HEALTH ADVICE 'NANNIES' KILLED OFF BY MINISTERS

M. Woolf

Daily Telegraph, Jan. 12th 2000, p.1

Reports that the Health Education Authority is to be closed as part of a shake-up in the way ministers inform the nation on how to lead healthier lives. The government has decided to abandon 'nannying' campaigns, warning of the dangers of sitting in the sun and drinking too much in favour of focusing targets for reducing cancer, strokes, heart disease and suicide.

LOTTO BOTHER

H. Chesser

Health Service Journal, vol. 110, Jan. 20th 2000, p.31

The healthy living centre is a government initiative designed to encourage health-promoting activities in disadvantaged areas. It is funded through lottery money allocated in a competitive bidding process. Bids have to be made by community groups in partnership with statutory organisations. The complexity and cost of bidding can be a struggle for community groups also targeted by many other initiatives.

PUBLIC HEALTH BODY TO END 'CONTRACT CULTURE'

L. Donnelly

Health Service Journal, vol. 10, Jan. 20th 1999, p.10

The Health Development Agency which replaces the Health Education Authority in April will have four key functions: to map the evidence base and disseminate information on public health outcomes, establish quality standards on workforce 'capacity and capability', support government work on health inequalities and research innovative means of health promotion.
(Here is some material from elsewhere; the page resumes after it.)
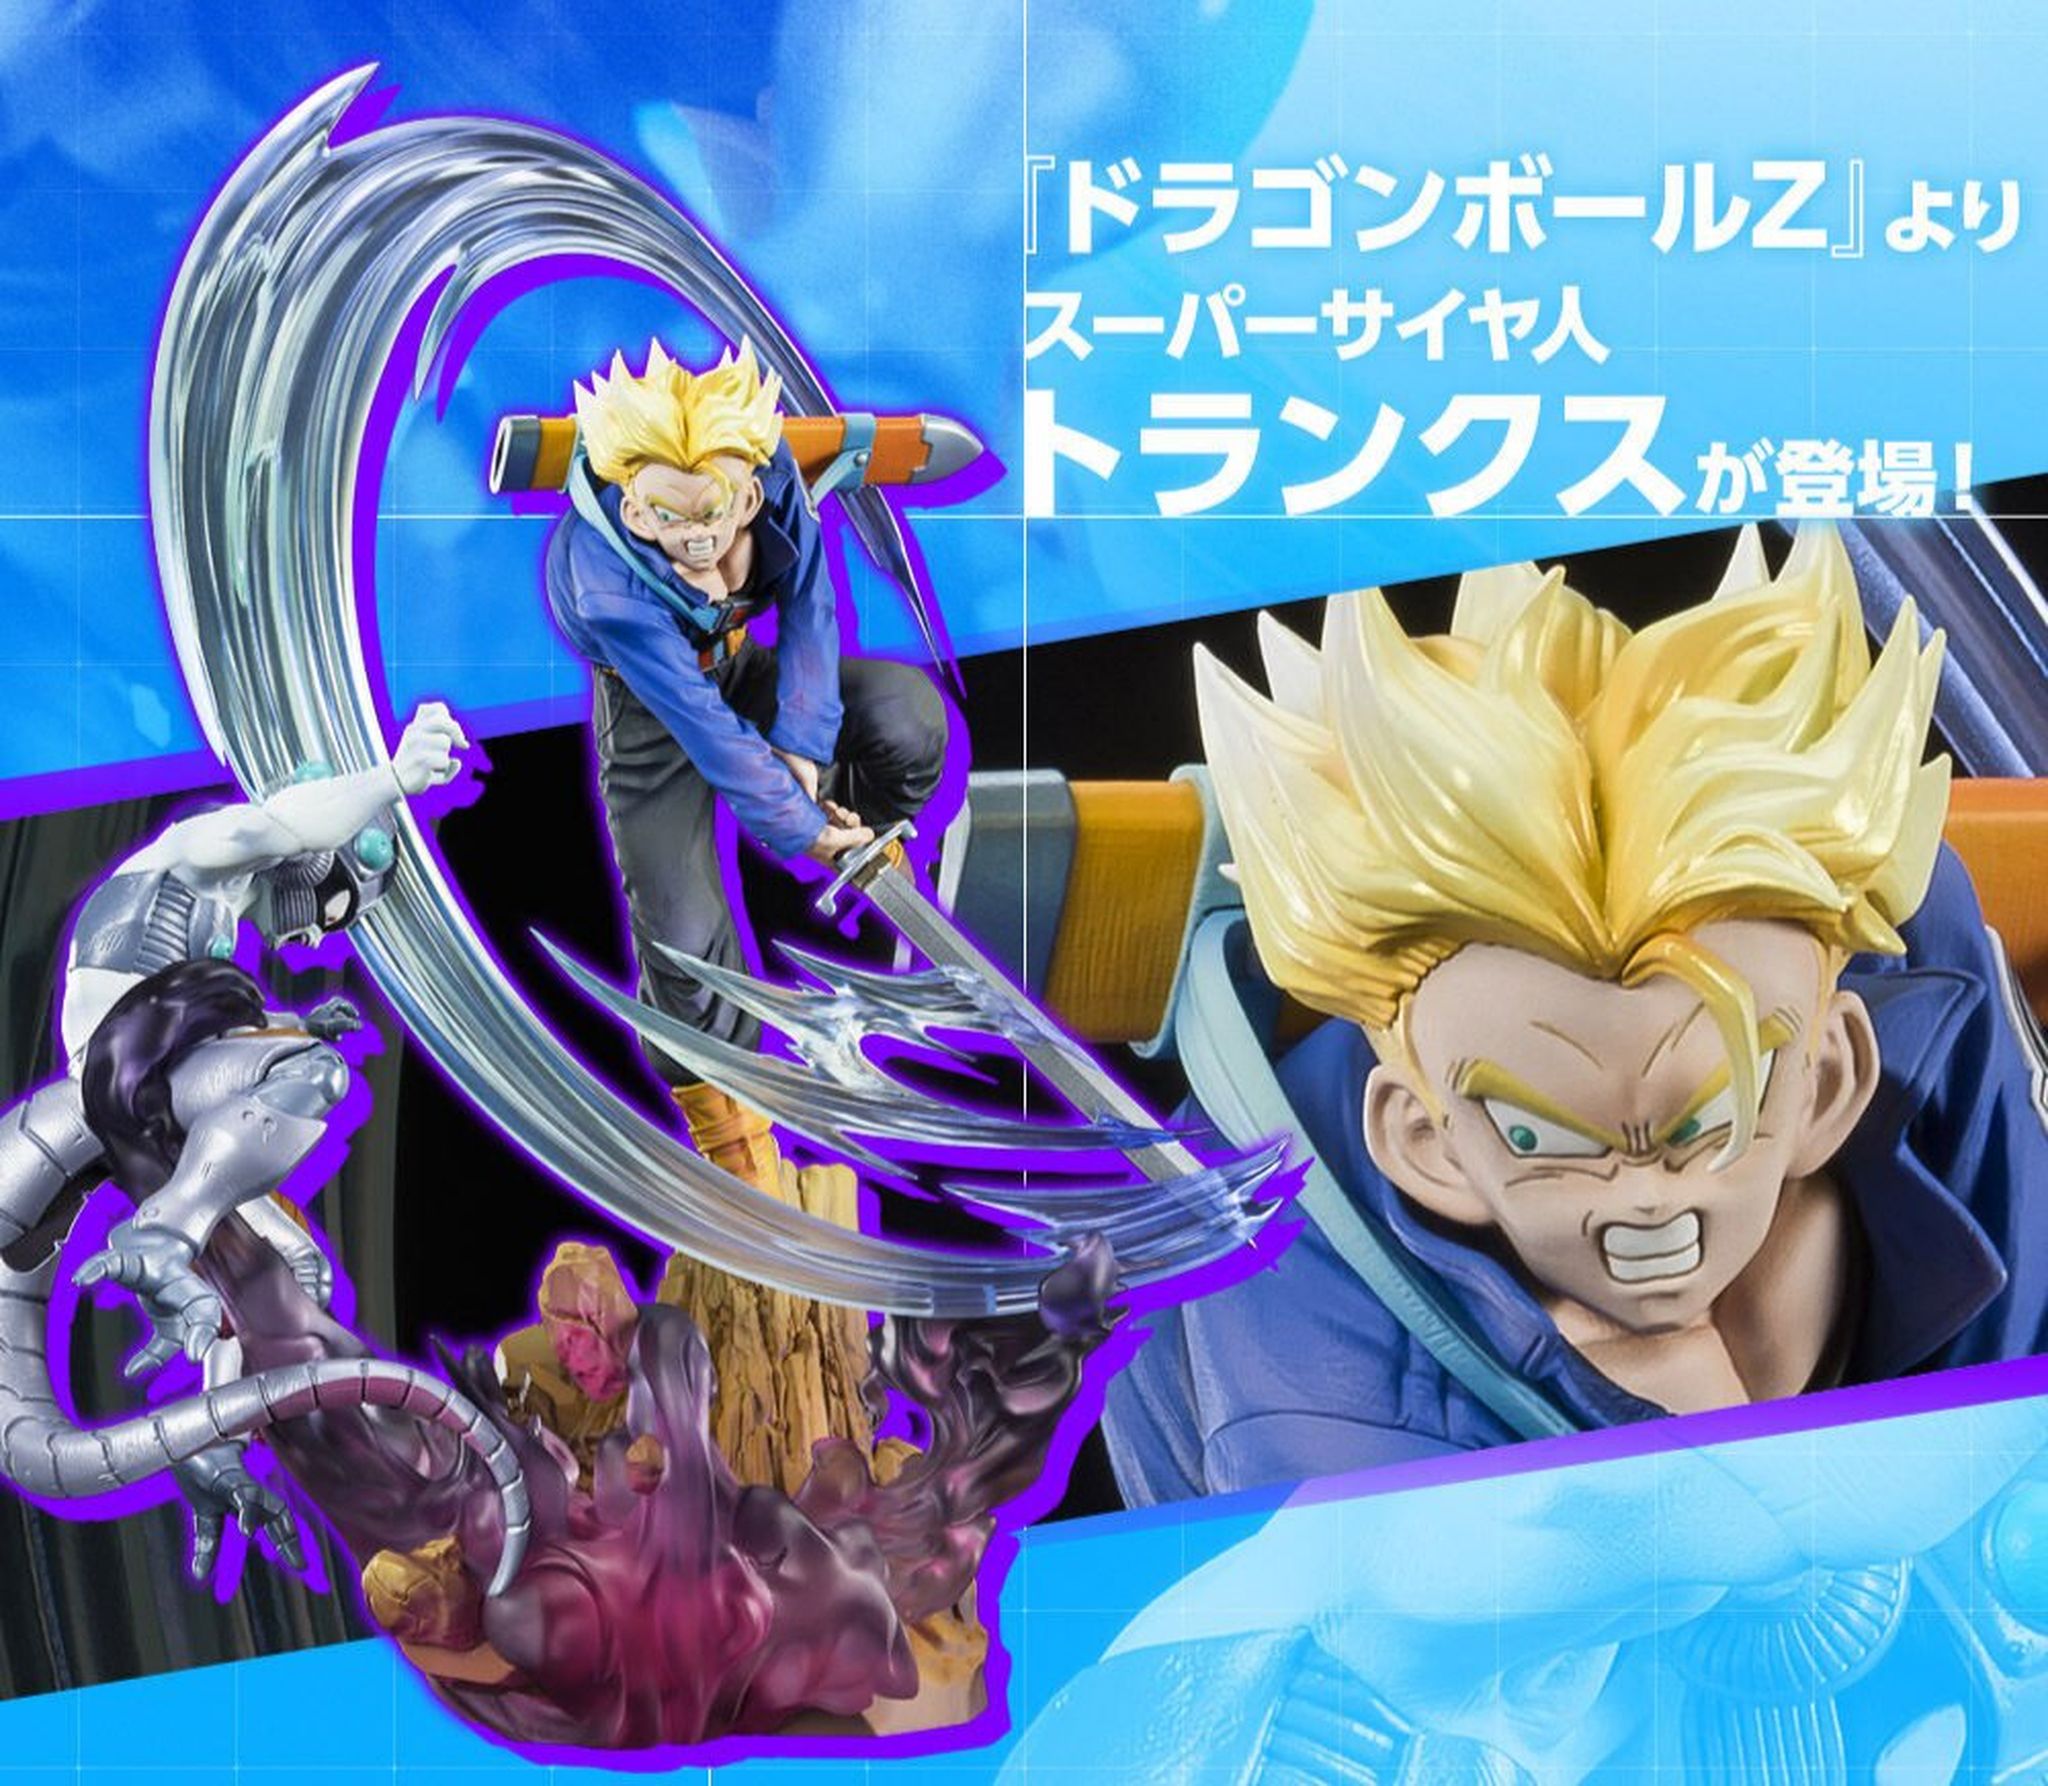 Dragon Ball Z - Así será la asombrosa figura de Trunks del futuro partiendo a Mecha Freezer en dos. ¿La mejor Figuarts Zero de Tamashii Nations?
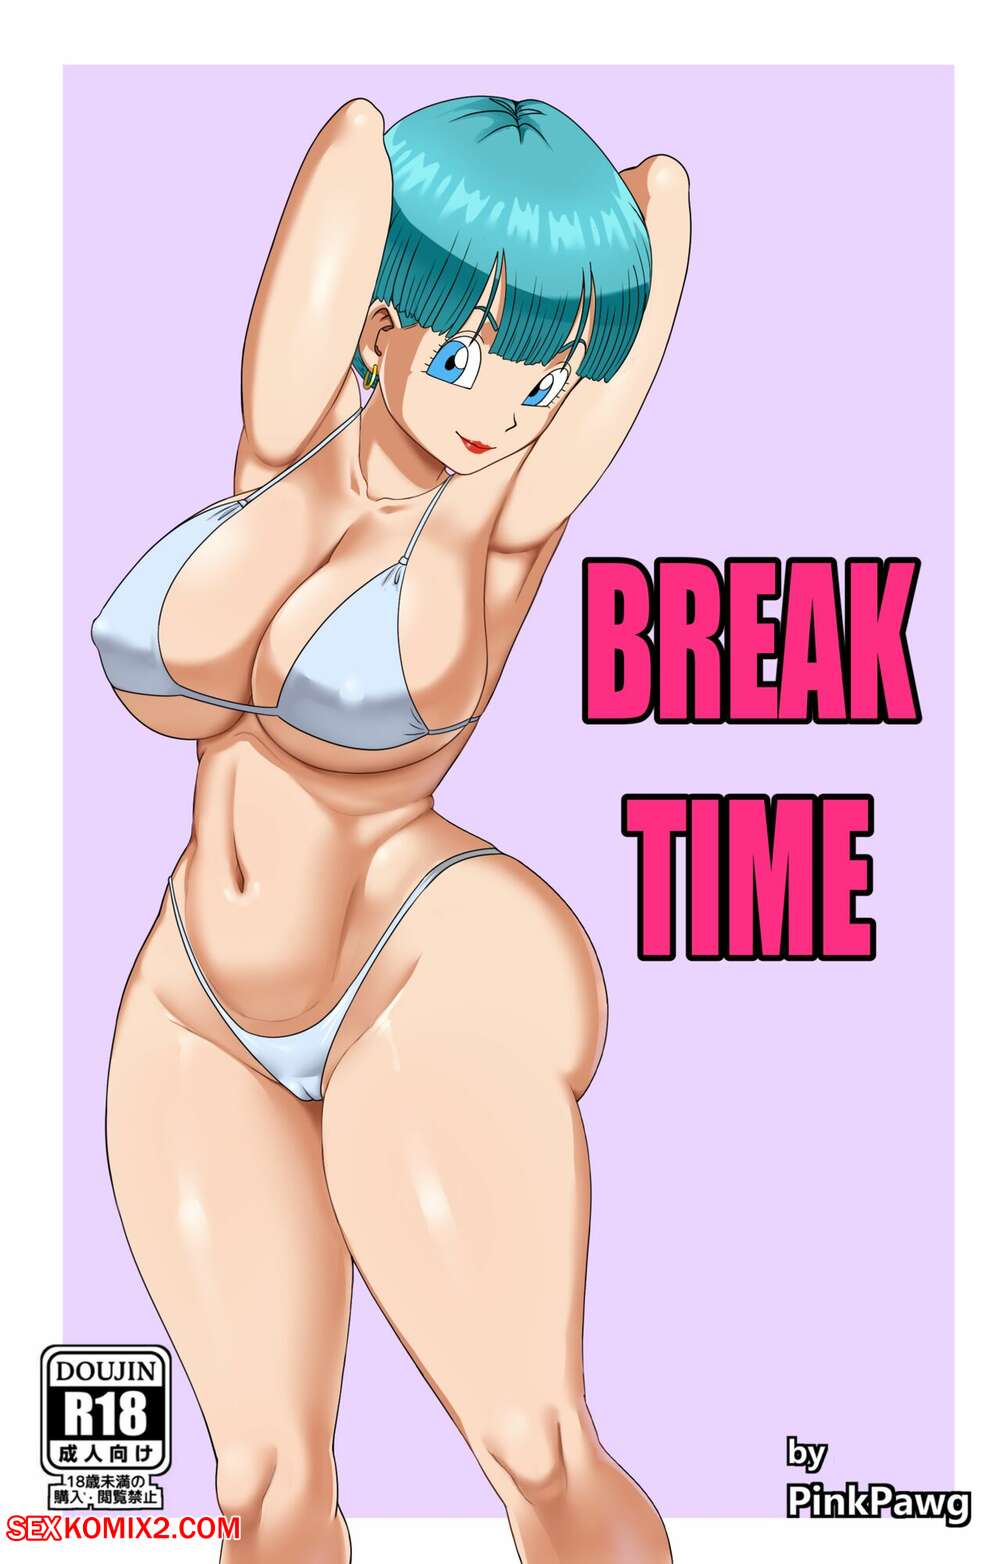 1001px x 1564px - âœ…ï¸ Porn comic Break Time. Dragon Ball Z. Pink Pawg. Sex comic hot sexy babe  | Porn comics in English for adults only | sexkomix2.com

Public health information campaigns will in future be carried out by the Department of Health.

THE WIDENING GAP: HEALTH INEQUALITIES AND POLICY IN BRITAIN

M. Shaw et al

Bristol: Policy Press, 1999

The key policy that will reduce inequalities in health is the alleviation of poverty through the reduction of inequalities in income and wealth. There is widespread public support for poverty reduction in Britain and the government has pledged to eliminate childhood poverty by 2020. Poverty can be reduced by raising the standards of living of poor people through increasing, their incomes 'in cash' or 'in kind'. The costs would be borne by the rich and would reduce inequalities overall, simultaneously reducing inequalities in health.